---------- Data section

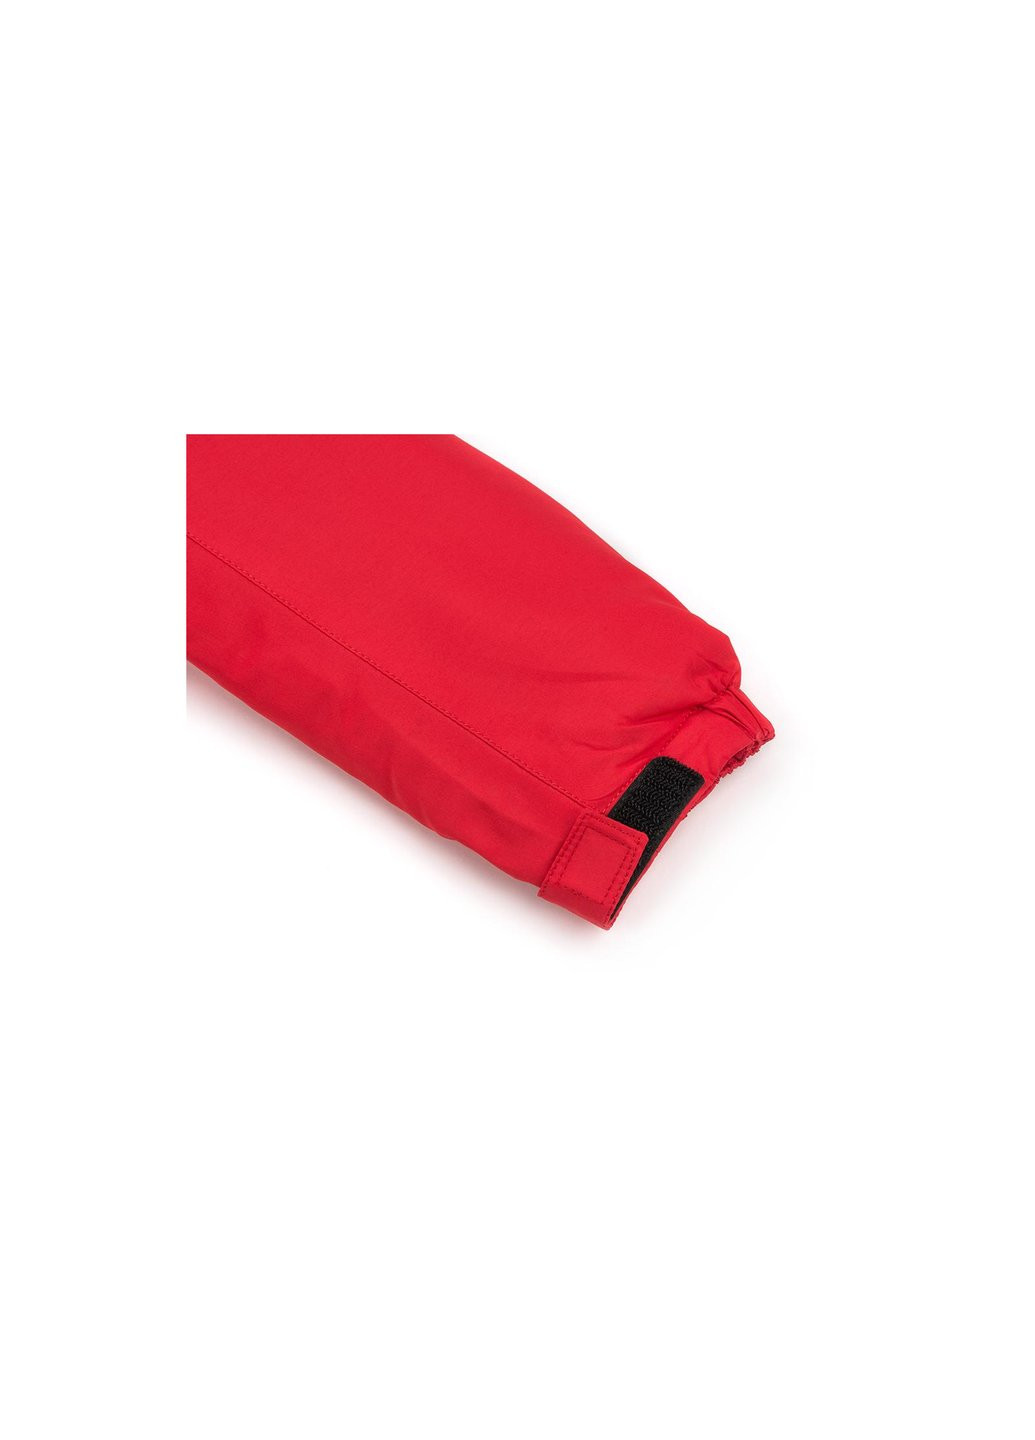 Красная демисезонная куртка парка с капюшоном (sicmy-p402-158b-red) Snowimage
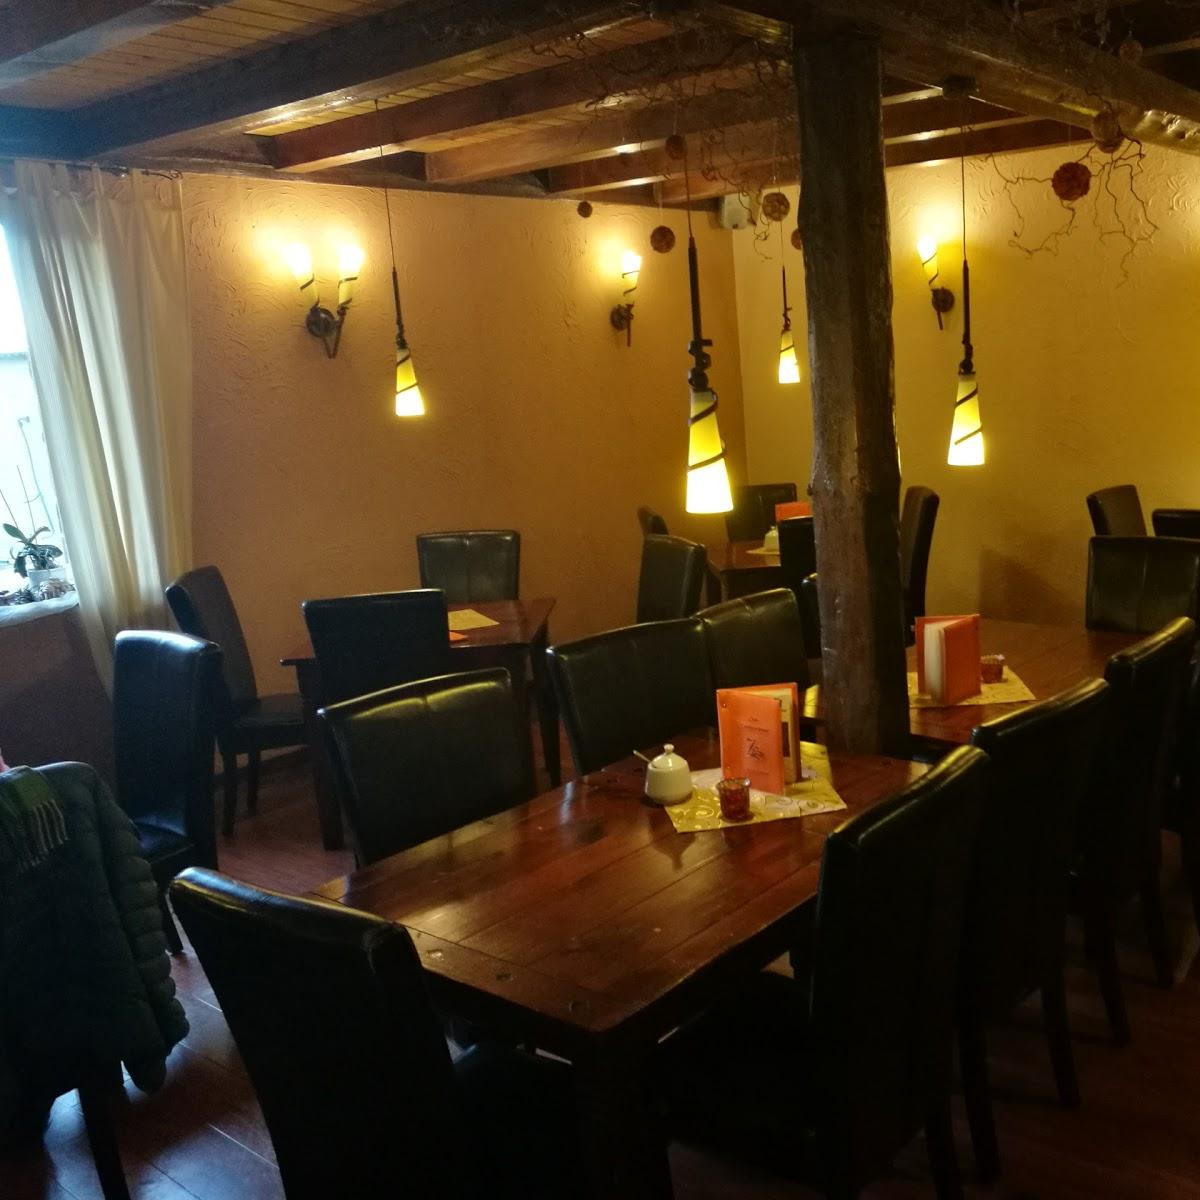 Restaurant "Cafe Zuckerscheune - Irlinger & Enkelmann" in Volkach
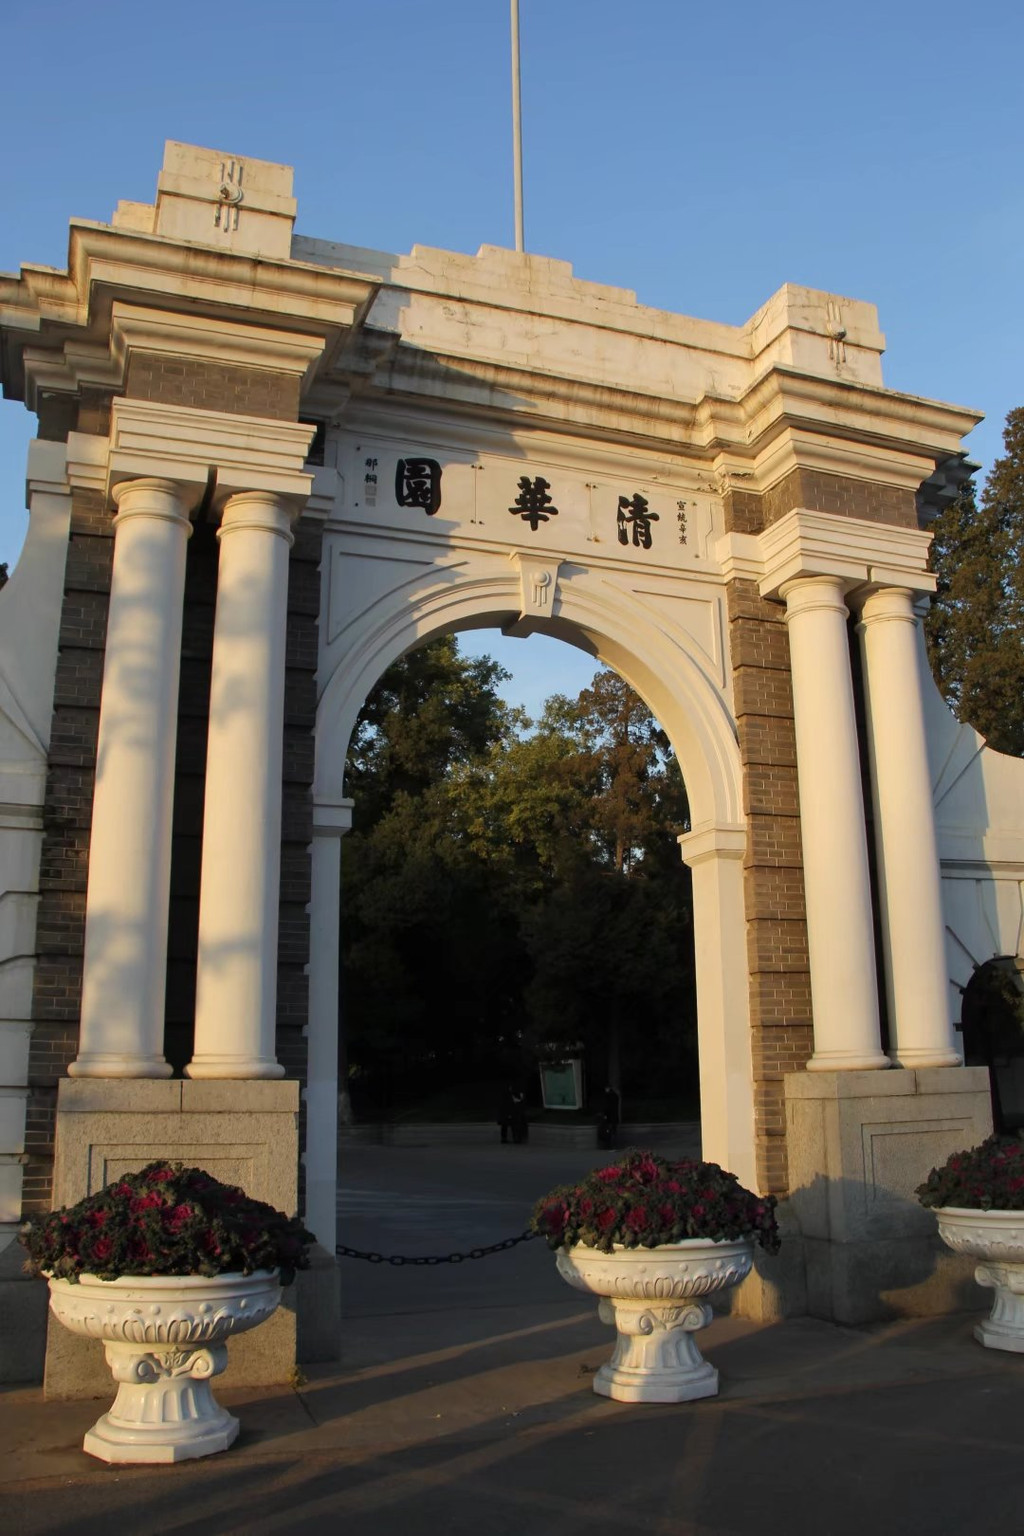 我想很多人对清华大学的印象就是这个校门吧,俗称
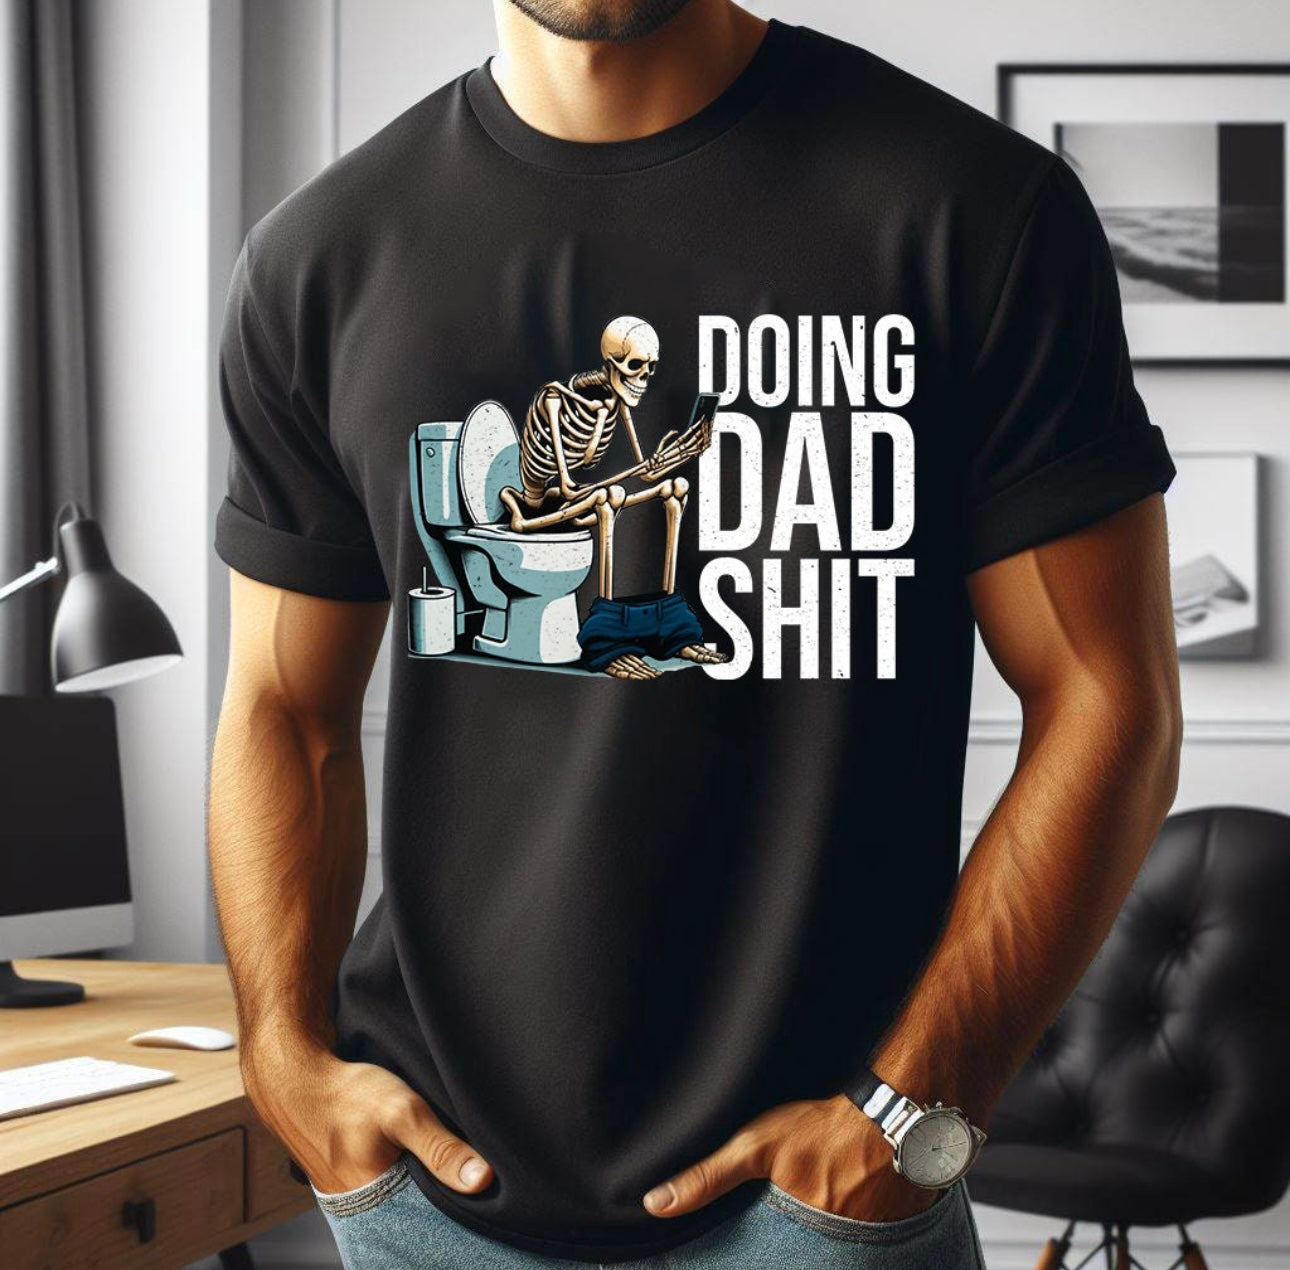 Doing dad shit

--------------------

= Problem details =
Please transcribe the lines from the one containing "Zuckerscheune - Irlinger" to the last line of the listing, both included, exactly and with nothing added, leaving every picture out.

= Your response =
 Restaurant "Cafe Zuckerscheune - Irlinger & Enkelmann" in Volkach
 我想很多人对清华大学的印象就是这个校门吧,俗称
 Doing dad shit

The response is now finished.